Julian Hatwell
Aug 2016
This short case study using data from a Caravan Owners Insurance Policy CRM database will demonstrate how data science can be used to add value and increase ROI for the Insurance Sales business.
As a proof of concept, we'll go for a quick win.
Conversion rate is considered low in the caravan insurance policy sales dept. We spend a long time chasing leads that don't go anywhere. How can we improve our conversion?
We can use a model to predict the probability that each lead will convert, based on all the data we keep. We then prioritise the more probable leads. With such a large proportion of poor leads, the risk of rejecting good leads is low.
For this PoC, a relatively simple technique, logistic regression, is used to predict the probability of a purchase.
Once the data is prepared, the model described takes seconds to produce but is it any good at predicting?
To ascertain this, it must be tested on new data. For this simulation, a set of the CRM records have been kept aside so the model can be run on previously unseen data.
Confusion Matrix of Predicted vs Actual Purchase on new data
purchased
prediction No Yes
No 3756 235
Yes 6 3
On the surface the previous results were terrible. However, the low conversion rate we started with is causing a very well understood issue called the “class imbalance problem.” With such a high proportion of actual No purchases, our model has a strong tendency to predict a No for nearly every case.
This is easily addressed by reducing the decision threshold. This means we give the model an instruction to predict Yes at a much lower probability.
What should this threshold be? Again we can use data science techniques to compute the best threshold directly from our data.
We assess the model at thousands of possible values of the threshold and then plot the true predictions against the errors.
We can also apply a cost function to the type of error because we know a false negative (a lost sale) is vastly more costly that a false positive (chasing a low quality lead).
The best cost-based balance of true positive rate and false positive rate can be decided from this ROC curve.
Updated Confusion Matrix of Predicted vs Actual Purchase on new data
purchased
prediction No Yes
No 3004 112
Yes 758 126
Following the predictions of this new model, we would immediately move 3004 + 112 = 3116 to the lowest priority. We would be losing 112 potential sales but our attention would be on only 758 + 126 = 884 leads, giving a conversion rate of 14.25% for the 126 actual sales. That's much more time to nurture and convert further incoming leads.
Of course, we can't be satisfied with these results. So, what next?

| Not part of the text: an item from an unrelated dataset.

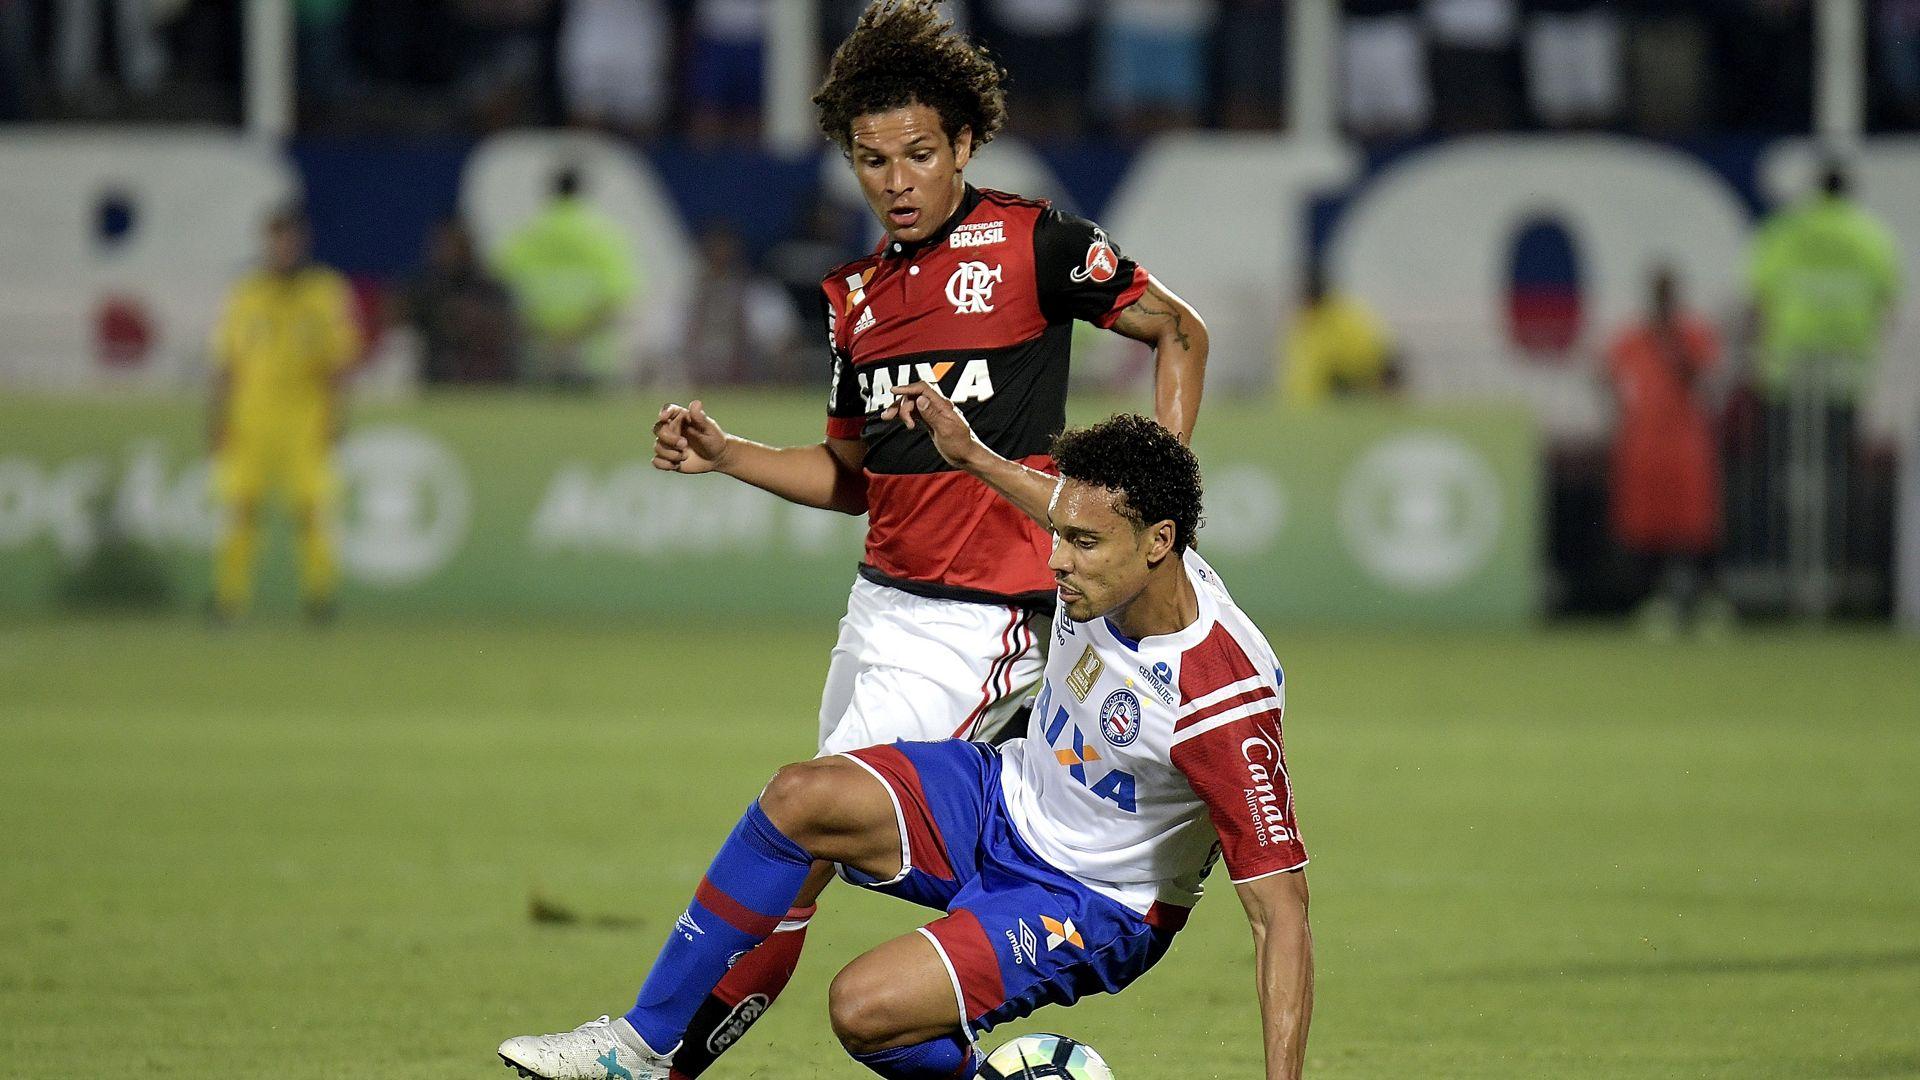 Willian Arao Edigar Junio Flamengo Bahia Brasileirao Serie A 19102017

The previous slides are the results of just a few short hours work, using the crudest methods for a quick win.
The demo gave us a minimum expectation of the benefits we could achieve.
There are far more sensitive prediction methods we could try. There are also methods for determining what are the strongest influencing factors in a customer decision to buy. The latter is what we'll look at next.
The CRM data used in the first demo has 85 fields for each customer. It's very rich information but somewhat overwhelming to analyse all these variables one by one.
Feature selection can automate and compress the search for the most influential variables.
For simplicity we'll stick with the logistic regression method and add to it another method to discover the most important features that drive the predictions.
The Lasso is a method that adds a penalty for each variable included in our logistic regression, favouring a simpler model.
This chart shows the effect of increasing the penalty, Lambda, on the regression model. The bigger Lambda gets, the more the variables are “squeezed” by the penalty and the smaller ones are excluded altogether.
The exact level of penalty which gives the best predictions is determined by another technique called cross-validation. In simple terms, we run the routine multiple times over subsets of the data and compare all the results for a better outcome.
The previous chart indicates that a pair of useful values are returned: The penalty (Lambda) that achieved the best results and a larger value which gave results within a standard error of the best. Statistically, it might perform just as well while giving a clearer answer to our business problem because it further reduces the number of variables in the model.
In this case we keep the lower penalty that yielded the most accurate predictions.
Using the Lasso and techniques from the first part of the demo, we've also recalculated the threshold for a Yes prediction. This is used to create a new confusion matrix.
Updated Confusion Matrix of Predicted vs Actual Purchase on new data
purchased
predictions No Yes
No 2305 78
Yes 1457 160
Clearly the predictions are less accurate. False Positive Rate is up, but this is OK. While we're working through twice as many leads, we're also finding finding a lot more sales.
The variables used in the model are
(Intercept) V47 V82
The real benefit of the Lasso is that instead of using all 85 fields from the data, the model requires only 2 (not including the Intercept). It still gives useful predictions but it's also much easier to interpret and explain.
This gives the marketing team a distinct focus for their next campaign, and the product development team may have some very clear ideas about creating a new strategy.
This demonstration has barely begun to scratch the surface of what is possible. Nevertheless, with just a few hours work we're able to produce new actionable insights from the available data:
A simple but operational prediction model which gives reasonable results
A clear indication of two key drivers of customer purchasing decisions
This was achieved completely through Machine Learning without any time consuming manual labour (goodbye, spreadsheets!). It's repeatable at the click of a mouse and we can easily build on what we've discovered.